Что-то заставило девушку Лену, ученицу старшего класса средней школы, спуститься в сырость и грязь, что-то вынесло её оттуда или закопало настолько глубоко, что даже специалистам откопать  оказалось не под силу. И что это может быть? – чешу затылок, - соображений ноль. Ноль явных улик, ноль догадок о мотивах. Зато подозреваемых хоть жопой жуй, как говорится. Десятая часть школы да ещё пара человек за её пределами. И за что, всё-таки, так тебя ненавидели, Леночка, что даже после твоей пропажи не покидает ребят надежда, что ты сдохла под кустом?
Я потираю переносицу.
«Мне тут снилось…» -  говорю, но Алексей Михалыч меня перебивает.
«Андрей, - говорит он мне, - а знаешь ли ты, что моей старшей уже пятнадцать?»
Я только удивляюсь: это Анютке-то?!
Михалыч кивает: ну да, ей.
«Так вот, - продолжает напарник, - Анютка мне тут прислала кое-что, - Михалыч достаёт телефон, - спасибо, доченька, конечно, - он протягивает мне аппарат, - по ссылке перейди, там фотографии. Анютка говорит, что это та самая пропавшая Лена».
Я беру телефон, тыкаю на ссылку, жду, пока картинка загрузится.
«А ещё она говорит, что никто не хочет, чтобы мы её искали, - Михалыч снова откидывается в кресло, он очень устал, разговоры с родными порядком выматывают, - она так и сказала: пап, никто не хочет, чтобы она в школу приходила. Ну дети пошли…»

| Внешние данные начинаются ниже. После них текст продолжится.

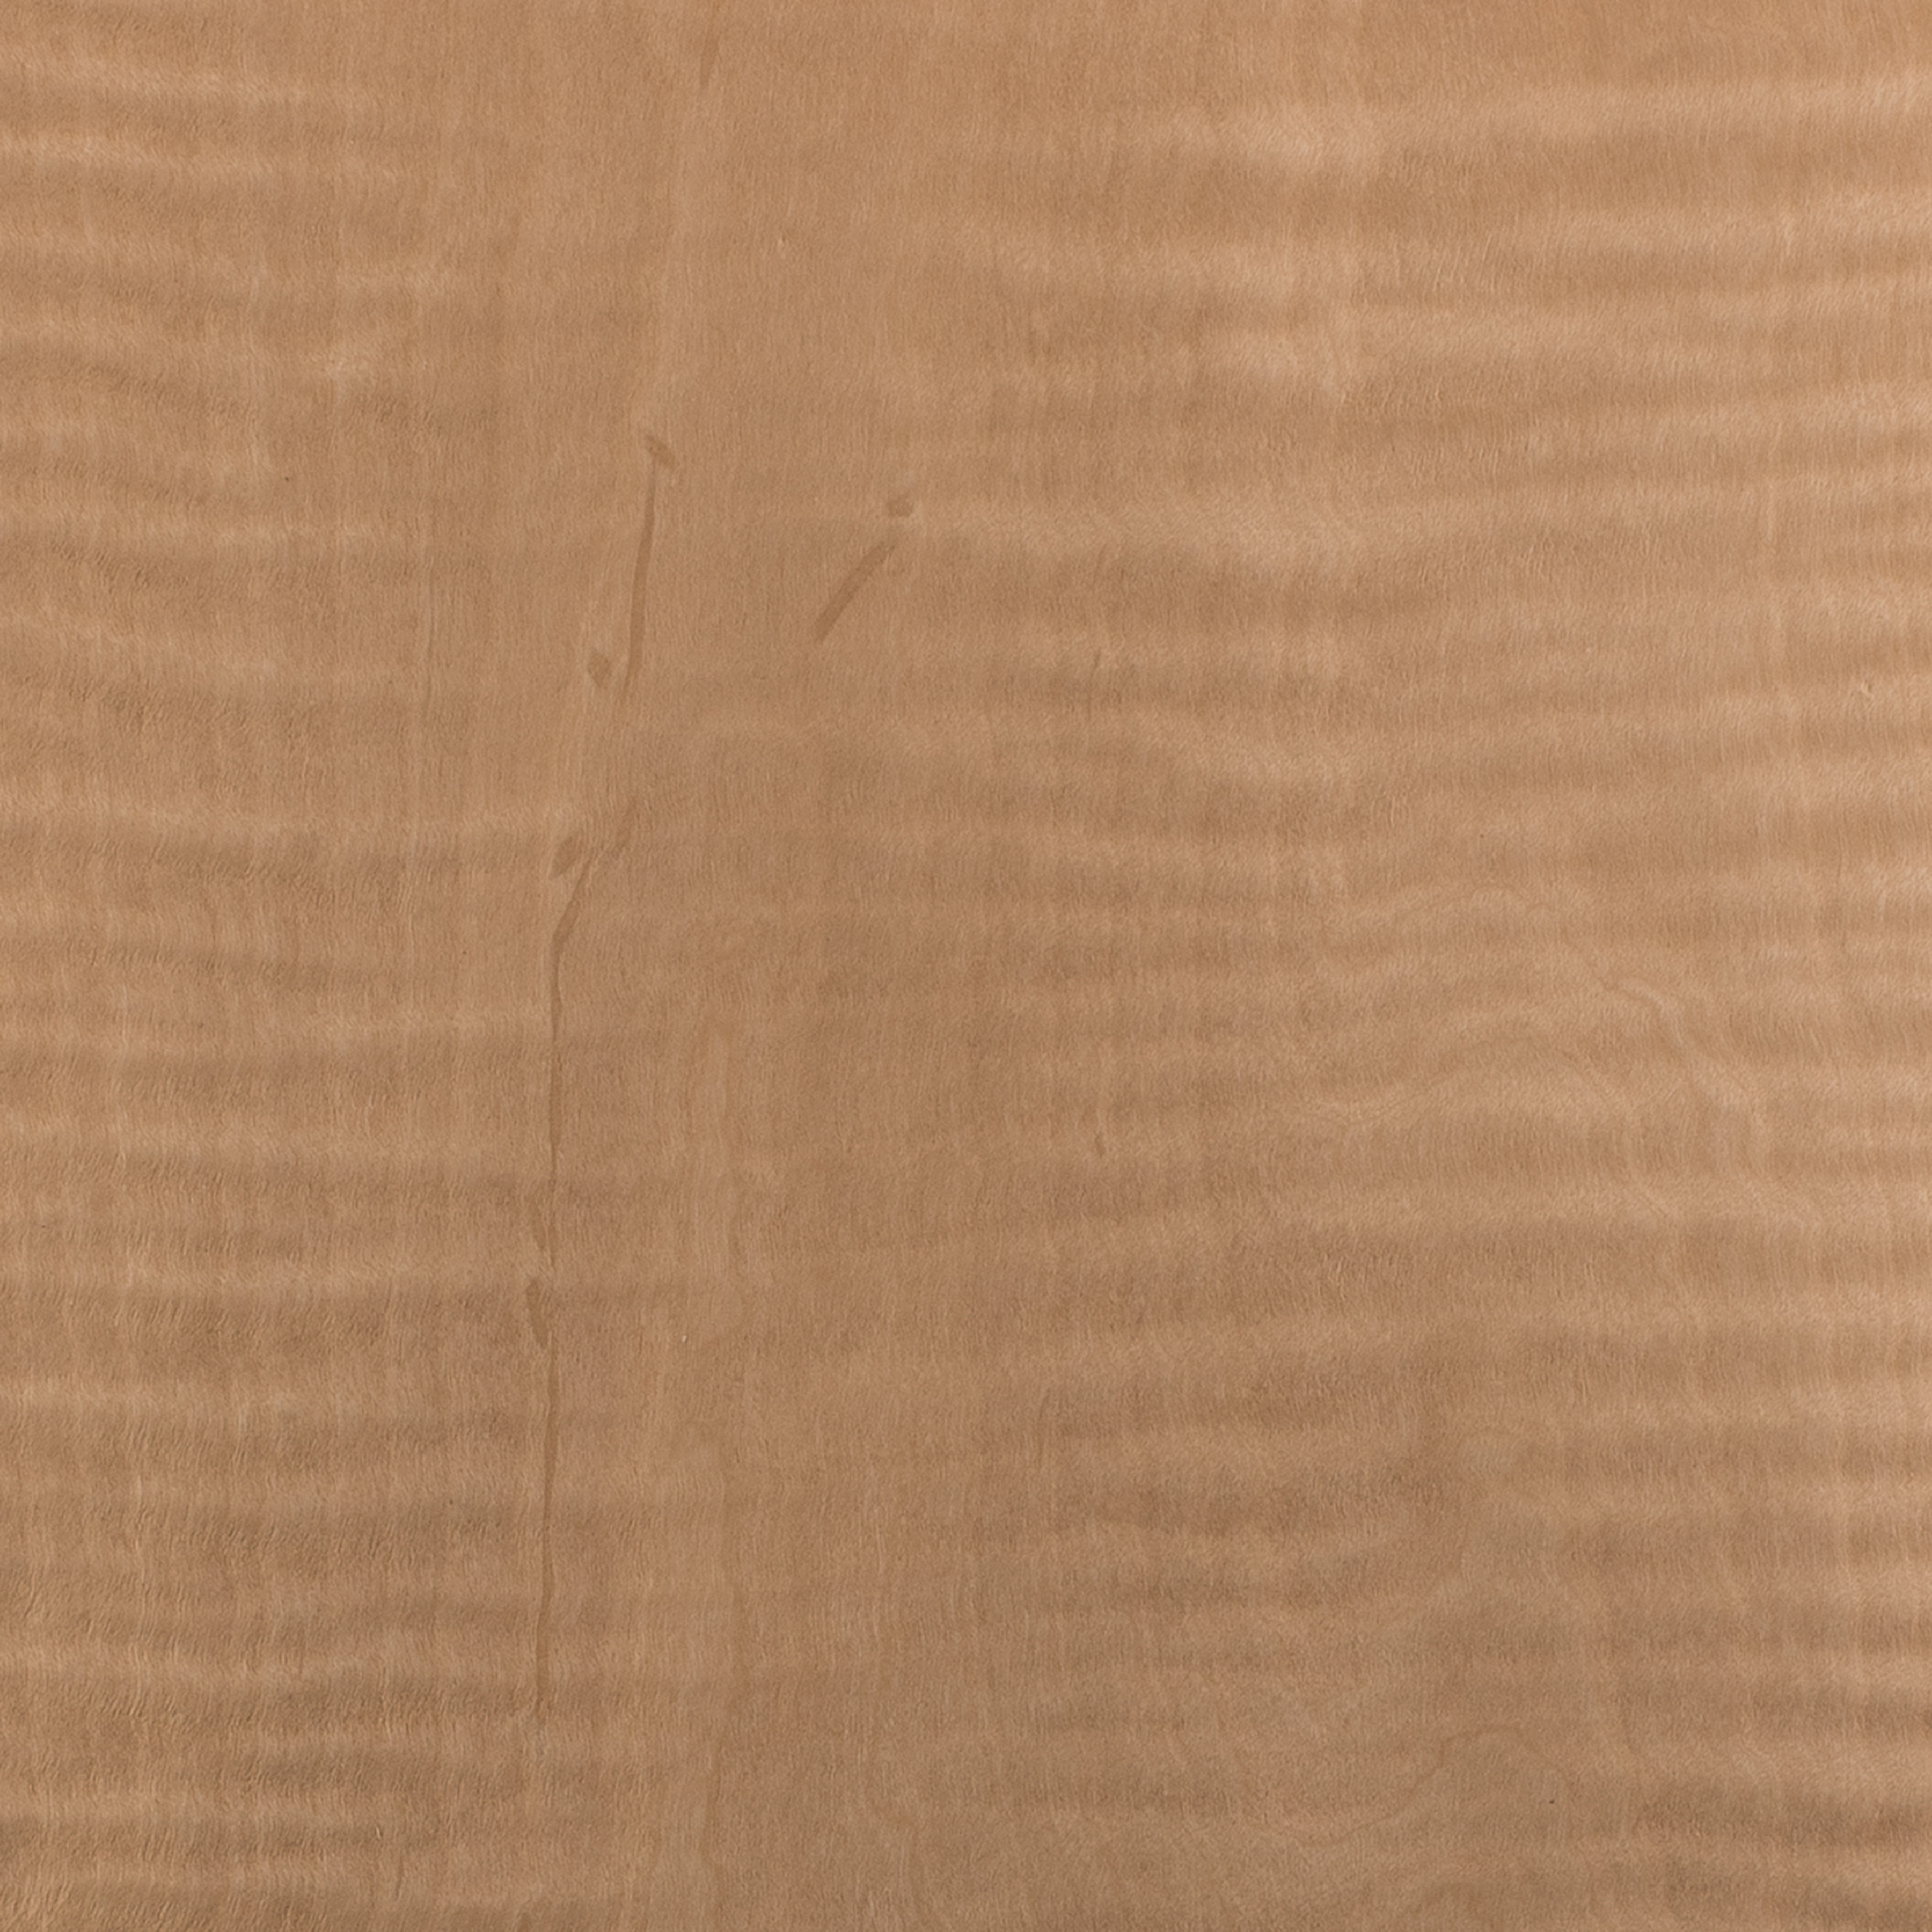 NATURAL WOOD Sheet 31.5 x 5.7 inches 800mm x 145mm Figured Sycamore Veneer

Михалыч притих в кресле: задремал, наверное. А я уставился на экран, жду, пока фотографии прогрузятся. Во, первая есть. Беру очки со стола, сажаю на нос, наклоняюсь ближе. Качество не очень, снимали, видимо, издалека, но кое-что вырисовывается ясно: поляна у озера (нашего озера, я это место хорошо знаю), вечер, уже темнеет. Костёр на поляне (этого, кстати, делать нельзя), брошенные около костра вещи.
И девушка.
Голая, стоит, обернувшись к камере, как-будто заметив, что её снимают. Вроде, удивлена, а вроде, и испугана.
На следующем фото лицо и фигуру видно лучше. Обнажённая Лена (в том, что это она почти уже нет сомнений) наклоняется к костру и что-то бросает в него.
Третий снимок сделана уже ближе, теперь Лена убедилась, что её фотографируют, и поднимает с земли свою одежду.
Михалыч сонно кидает мне с дивана: «Анютка говорит, что есть ещё фотографии. Но достать их уже не получается, после исчезновения Лены их из сети удалили».
Я молчу, перелистывая три изображения снова и снова.
Ну дела, Леночка… Ну и дела…
*
Я стою, как идиот, перед целым классом и из последних сил стараюсь держать себя в руках. Хихиканье с задней парты буквально из себя выводит, если бы не старуха, стоящая в дверях, каждое моё движение контролирующая, давно бы пару ласковых этим соплякам сказал. Но она на то и приставлена, чтобы я не травмировал детишек.
- Полиция в школе – это уже нешуточный стресс для них, - шепелявит, протирая очки.
Стресс для них - это когда на часах десять вечера, потому что им бухла больше не продадут. А то, что у них одноклассница пропала им срать с высокой колокольни. И то, что психическое здоровье двух их товарищей сейчас под большим вопросом их тоже не волнует. Они в человеке ничего кроме «свитерка полинялого» не заметят, они дальше рожи смотреть не станут, они глубже не копают, толпой бросаются и за глаза поносят на чём свет стоит человека, который нашёл в себе силы ответить этой своре.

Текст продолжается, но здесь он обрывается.